This entire sampling process defines the distribution $G$, whose posterior distribution will be examined in the empirical analysis to illustrate the ideological alignments of countries since the inception of the UNGA, as inferred from their voting behavior within the assembly.
Salience Vectors
Efforts to estimate the number of dimensions have been extensively examined in prior research, both within political methodology and across other quantitative disciplines. One of the seminal works, @poole1991, highlighted the critical role of dimensionality estimation, offering visualizations that demonstrate how model classification performance varies with the number of dimensions. More recently, @kim2018 introduced a method utilizing a Bayesian Lasso prior, which shrinks specific dimensions to zero. Additionally, in the context of biological research on factor models for gene expression, formulations have been developed that drive the variance of normal distributions toward zero as the number of dimensions increases (@bhattacharya2011).
In this study, we adopt an approach that utilizes a salience vector, or weight vector derived from the stick-breaking process, as proposed by @gopalan2014 in the context of recommender systems.

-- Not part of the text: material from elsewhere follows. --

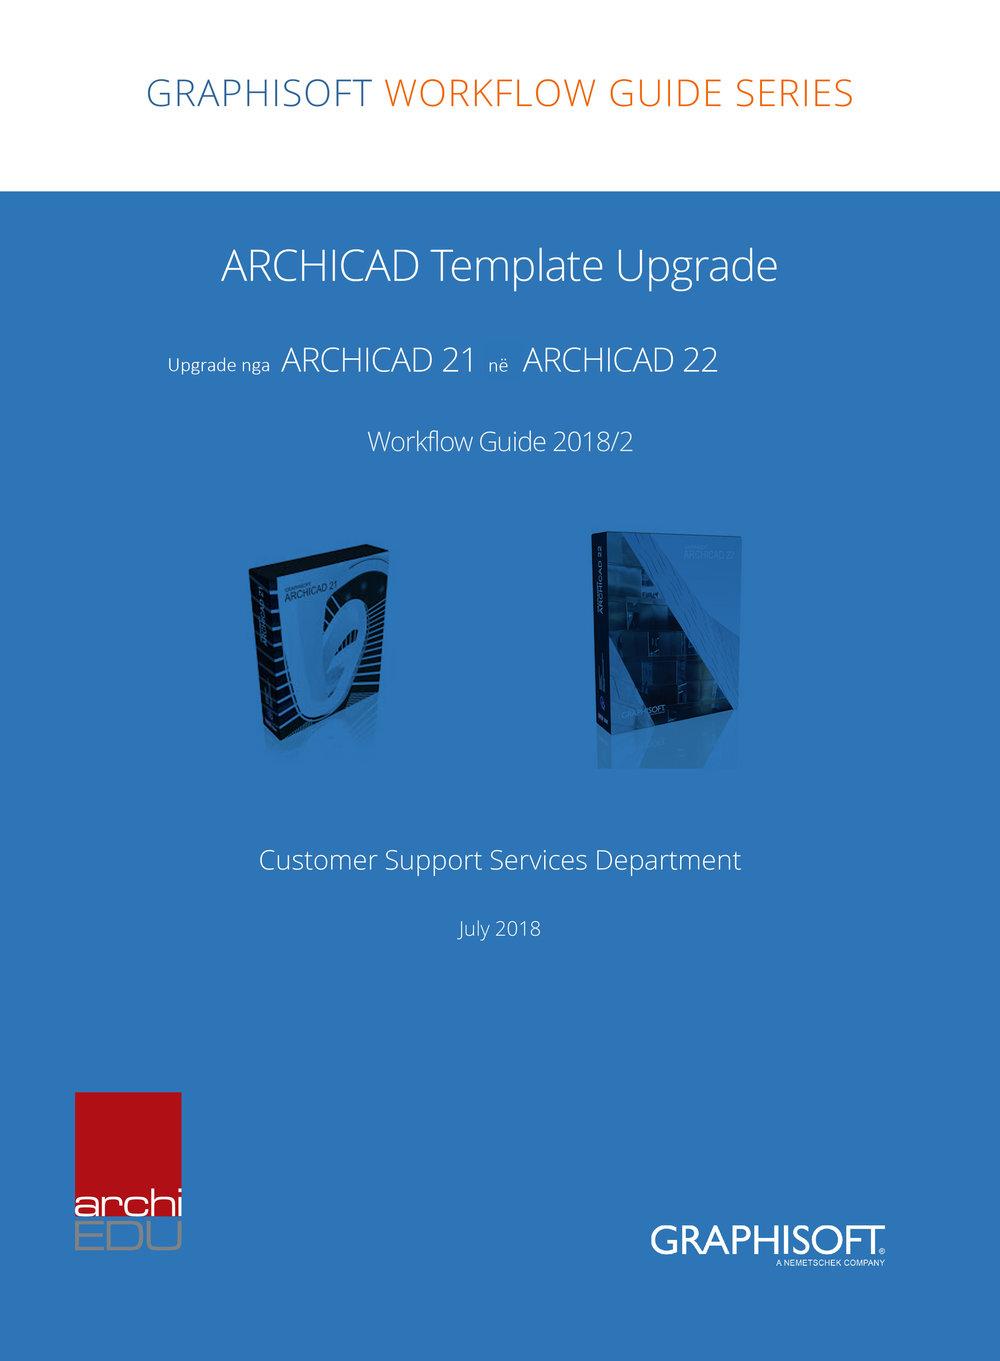 GWG_ARCHICAD-Template-Upgrade.jpg

This method facilitates the suppression of all but the first few dimensions, not through binary classification of dimensions as useful or not, but by assigning a continuous weight between zero and one to each dimension, which can be interpreted as its salience.
To account for temporal variation, we model the weights produced by the stick-breaking process in an autoregressive manner, using the framework of the hierarchical Dirichlet process (@teh2006).

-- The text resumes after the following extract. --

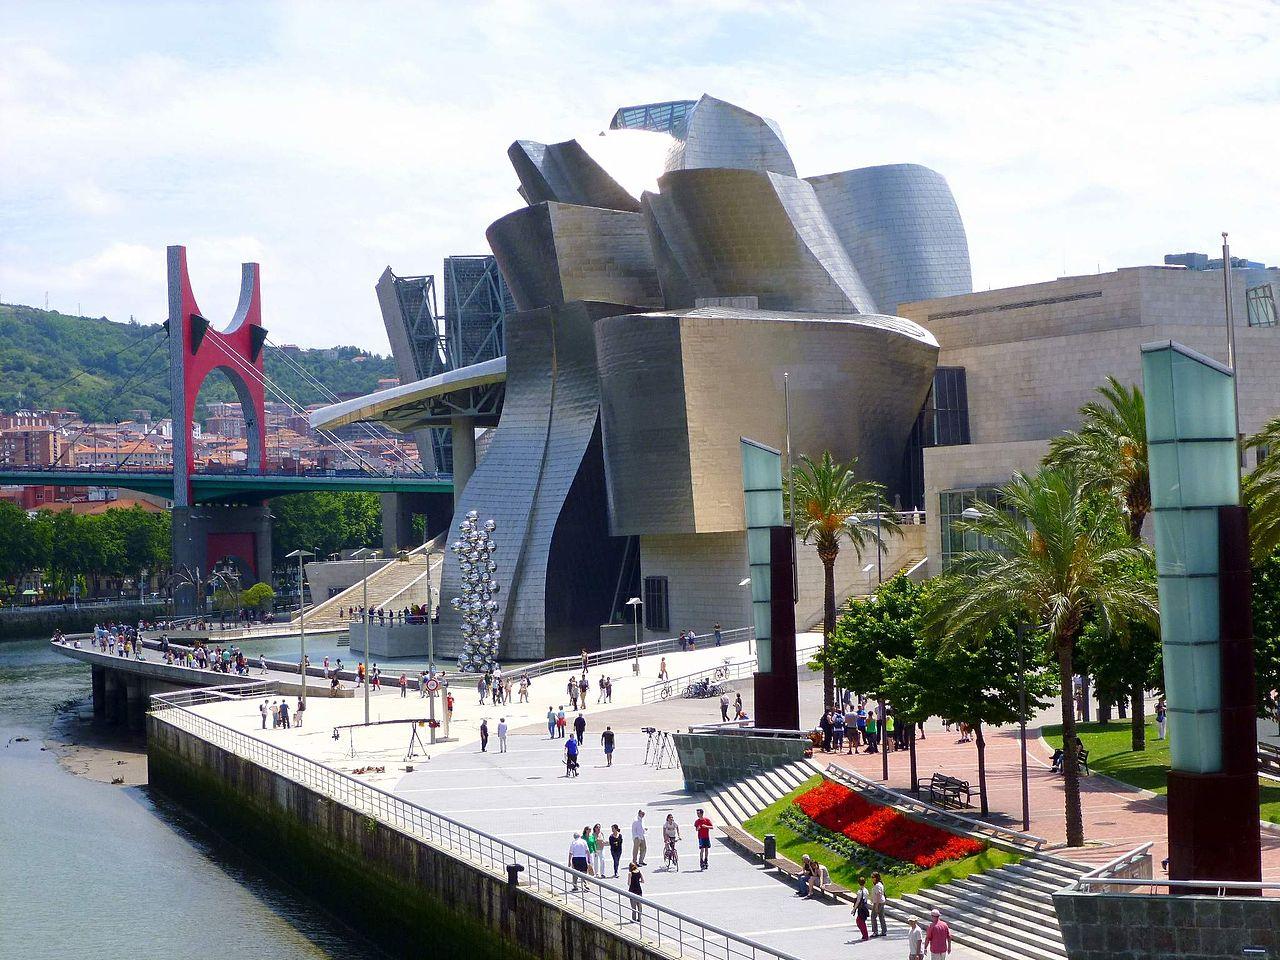 Музей Гуггенхайма в Бильбао, набережная

@teh2006 pointed out that if a separate Dirichlet process is applied to each group (e.g., each year), the dimensions across groups would inherently differ. This discrepancy arises because the Dirichlet process samples discrete values from a continuous probability distribution, making the probability of overlap between values drawn from different Dirichlet processes effectively zero.
To address this issue, @teh2006 introduced the hierarchical Dirichlet process, which accommodates dependencies between groups while preserving flexibility. We adopt this regularization framework to allow the year-specific salience vectors to evolve over time, while simultaneously mitigating excessive deviations.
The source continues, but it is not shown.